Stories We Can‘t Stop Telling
I’ve seen a lot of trickster villains recently. Of course, tricksters are nothing new under the sun - they’ve been an archetype for a very long time - but I’ve seen a lot of them lately and I’ve noticed a bit of a pattern: trickster villains tend to be paired with vigilante heroes.




Tricksters “…violate principles of social and natural order, playfully disrupting normal life and then re-establishing it on a new basis.” The more corrupt or illegitimate the viewer finds the social order, the more satisfying these violations are.
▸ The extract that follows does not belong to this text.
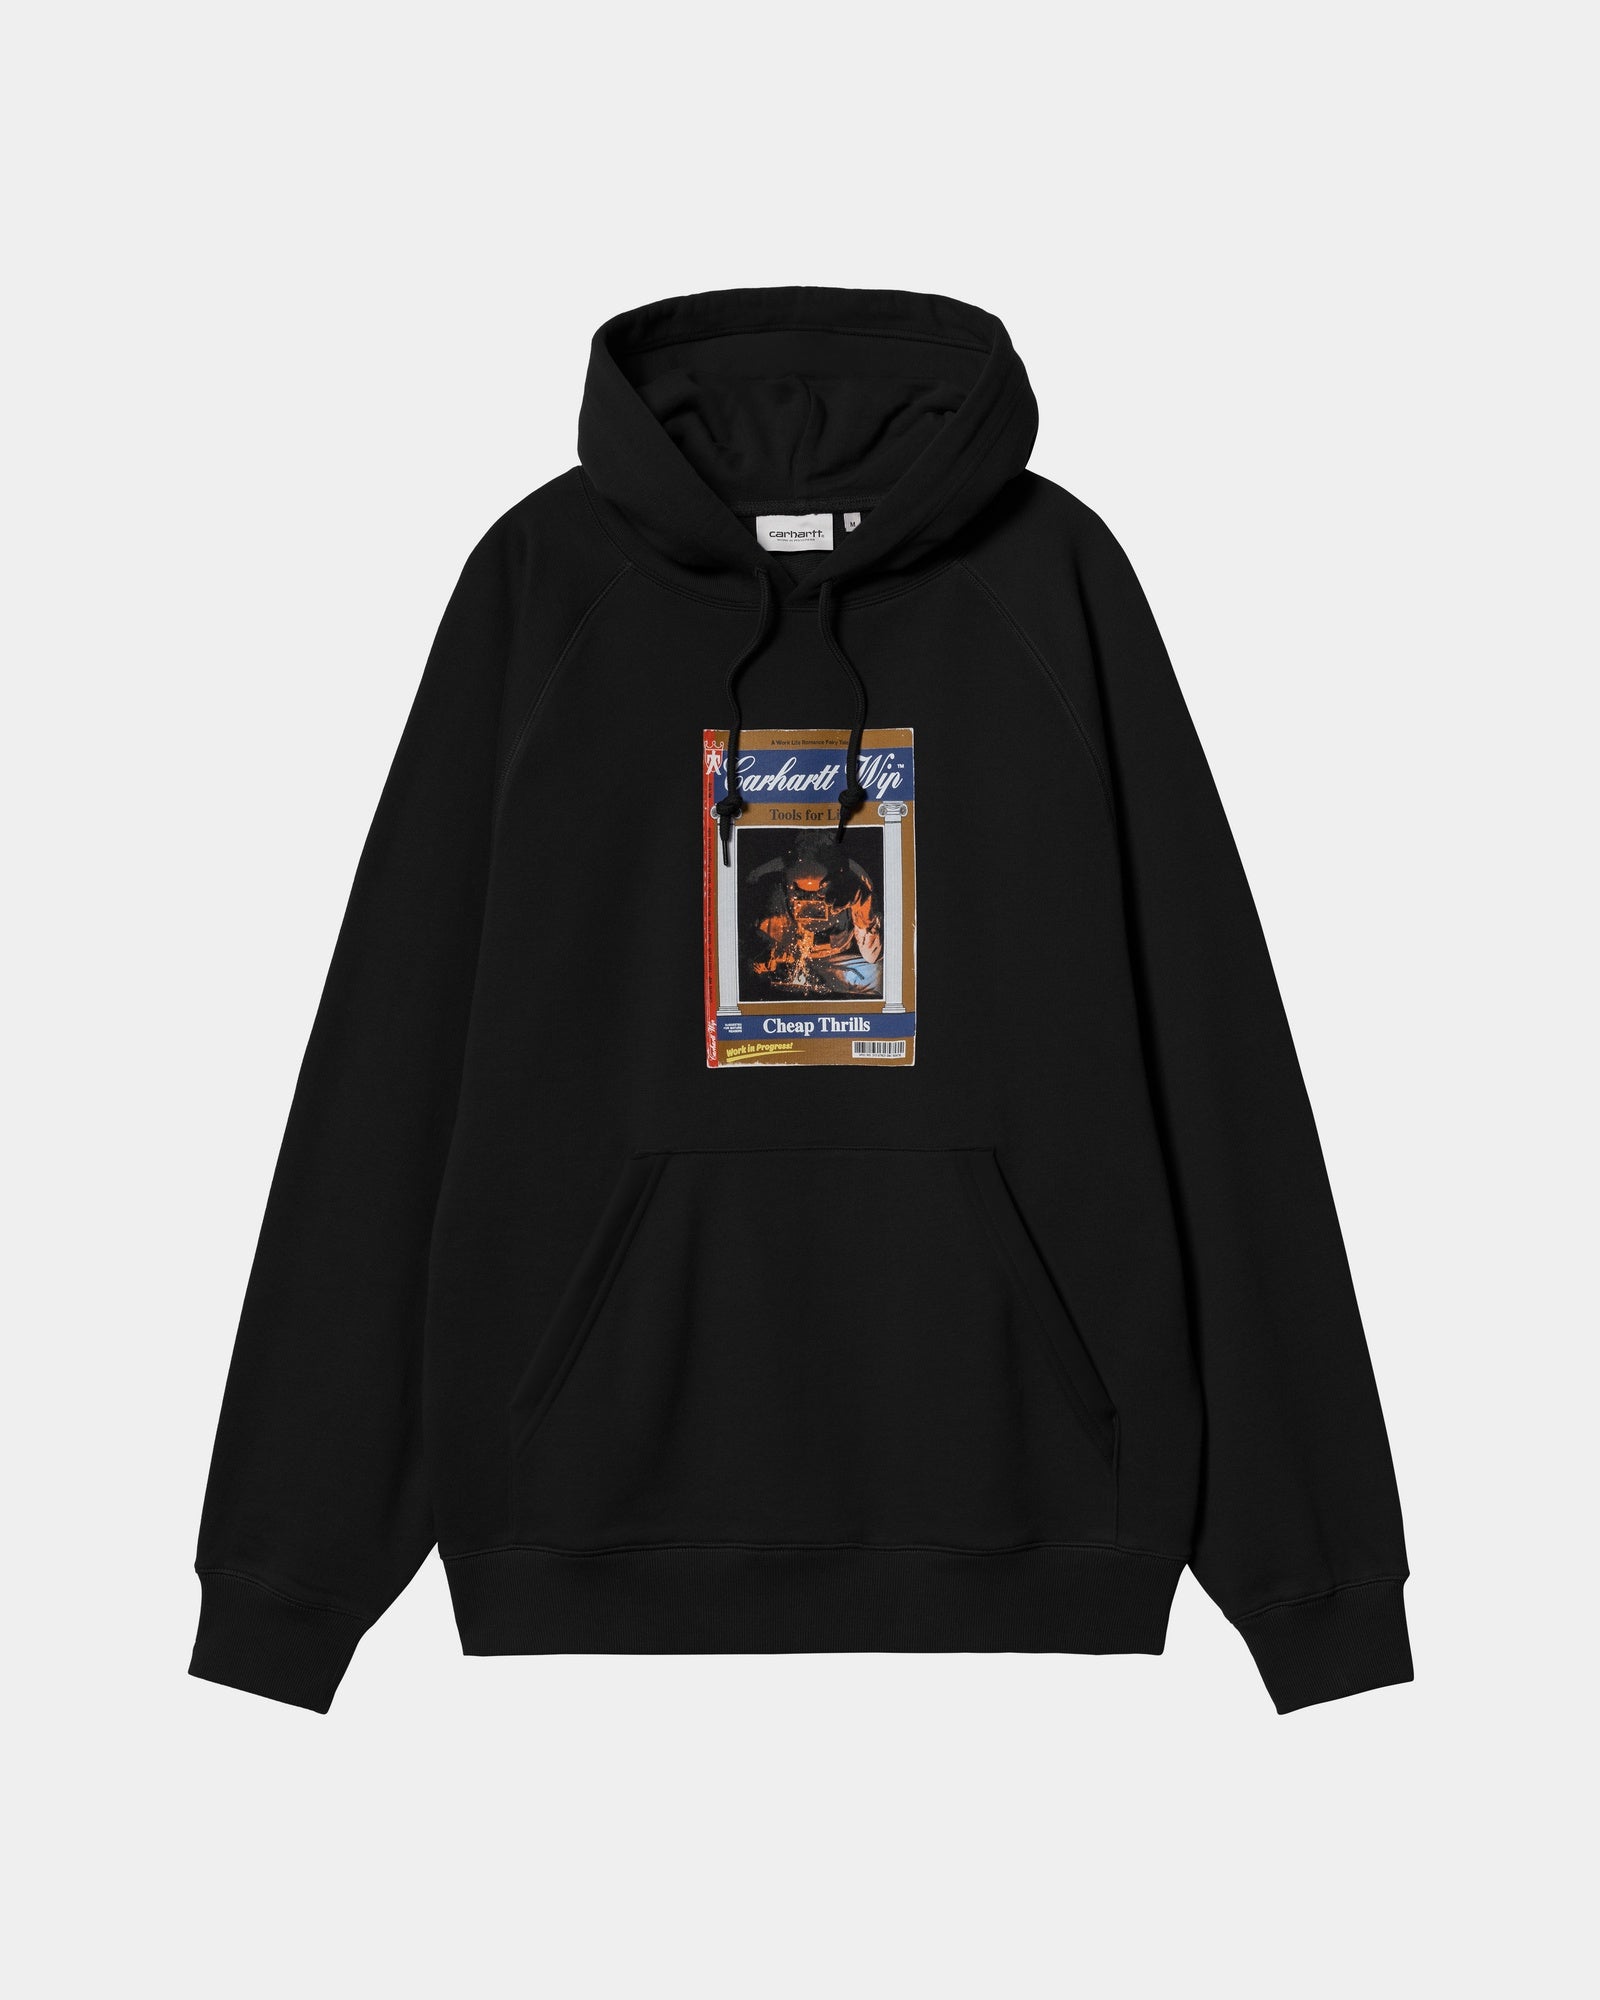 칼하트WIP Carhartt Hooded Cheap Thrills Sweatshirt,Black

Similarly, to accept our vigilantes as heroes we must reject the legitimacy of the current social order. Of course, this rejection is complicated, and our vigilantes all engage in various ways with their fictional worlds’ power structures:




The example of Sherlock and Mycroft Holmes is particularly indicative. Mycroft is literally Big Brother, a secretive, unelected figure whose misuse of CCTV cameras is wildly evocative of the surveillance state. Sherlock struggles with the power Mycroft represents, often refusing it, frequently mocking it, occasionally using it, but never fully embracing it. By casting the relationship as familial, the writers are able to approach these themes symbolically, rather than laying bare the cold truth that in some ways, Mycroft is a more sinister figure than Moriarty.
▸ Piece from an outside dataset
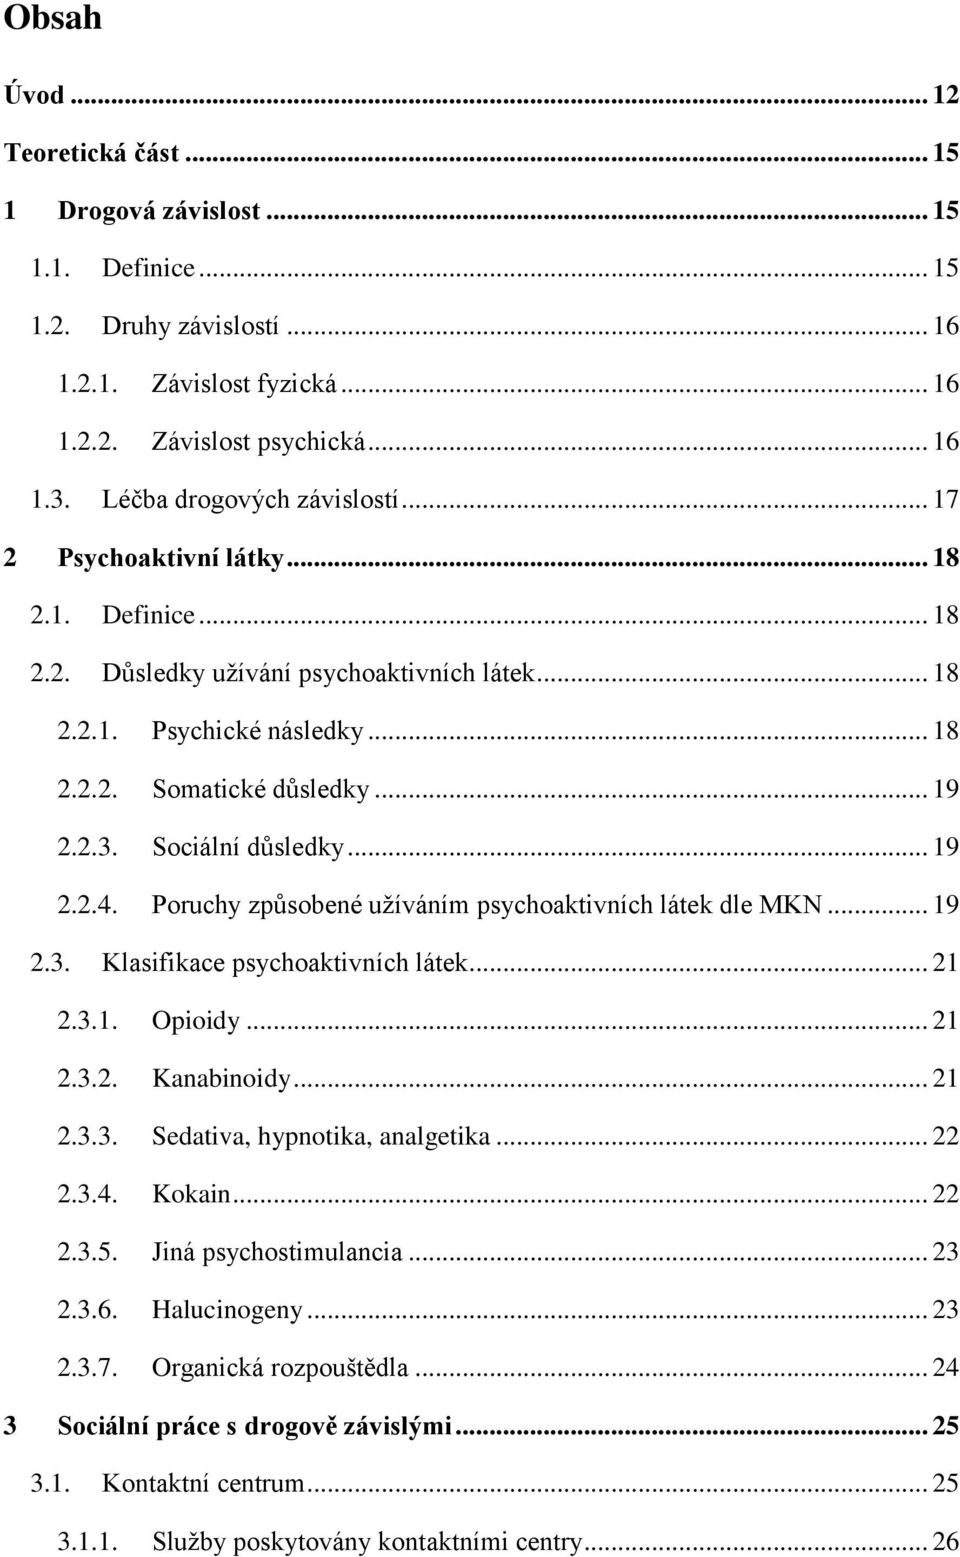 Sociální důsledky... 19 2.2.4. Poruchy způsobené užíváním psychoaktivních látek dle MKN... 19 2.3. Klasifikace psychoaktivních látek... 21 2.3.1. Opioidy... 21 2.3.2. Kanabinoidy... 21 2.3.3. Sedativa, hypnotika, analgetika.

As far as I can see, our cultural obsession with tricksters and vigilantes is a way of wrestling with systems of power and government we longer feel we can control or affect. The vigilante has the agency we lack, and is able to pursue the justice we fear is lost. The trickster acts out our darkest frustrations, while also functioning as a shadow to the vigilante, whose extralegal actions looks positive in comparison.
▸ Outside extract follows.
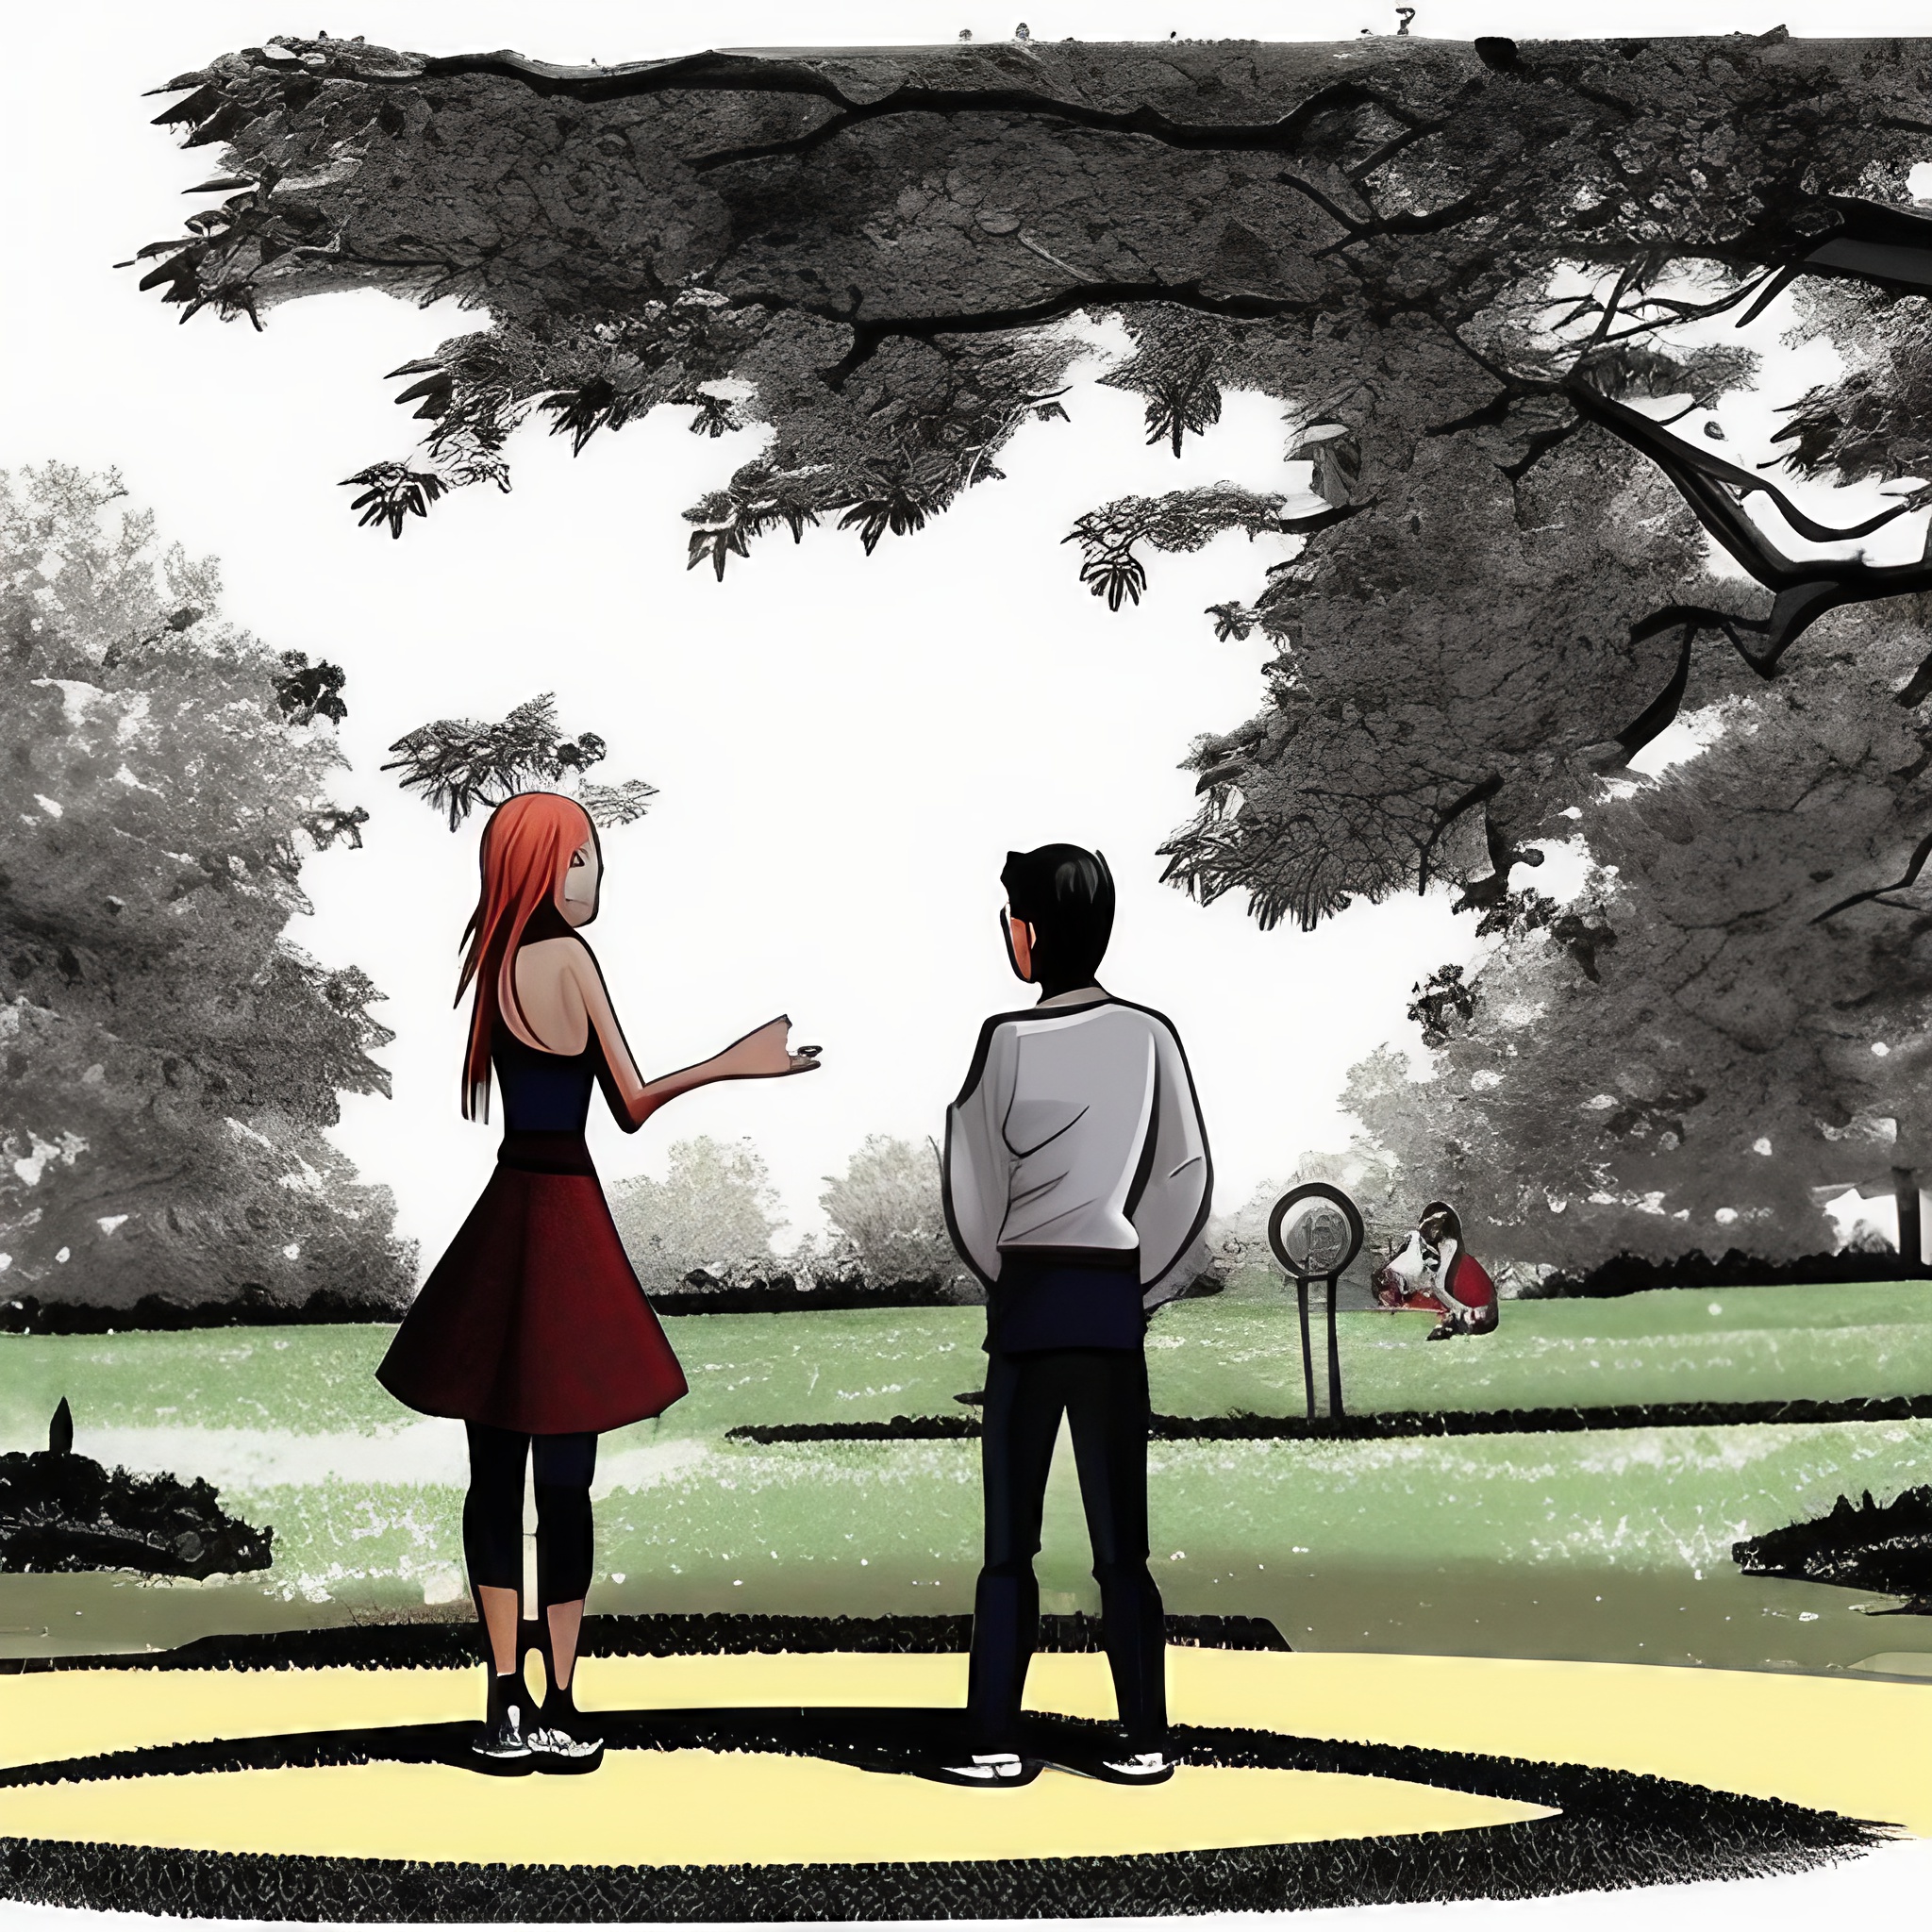 grafika w stylu kreskówki na grafice widać mężczyznę i kobietę rozmawiających w parku

I get the appeal of these narratives, believe me. But to borrow a line from one of them: they may be the stories we deserve, but they’re not the stories we need. Nor are the “revolutionaries in dystopia” narratives popular in recent films like The Hunger Games, Divergent, Mad Max, or Snowpiercer a particularly good fit for our time. What I want to see instead is stories of reform, stories of collective action and systemic change.
So long as our heroes are fighting the wrong battles, they’ll never be able to inspire us the way heroes should.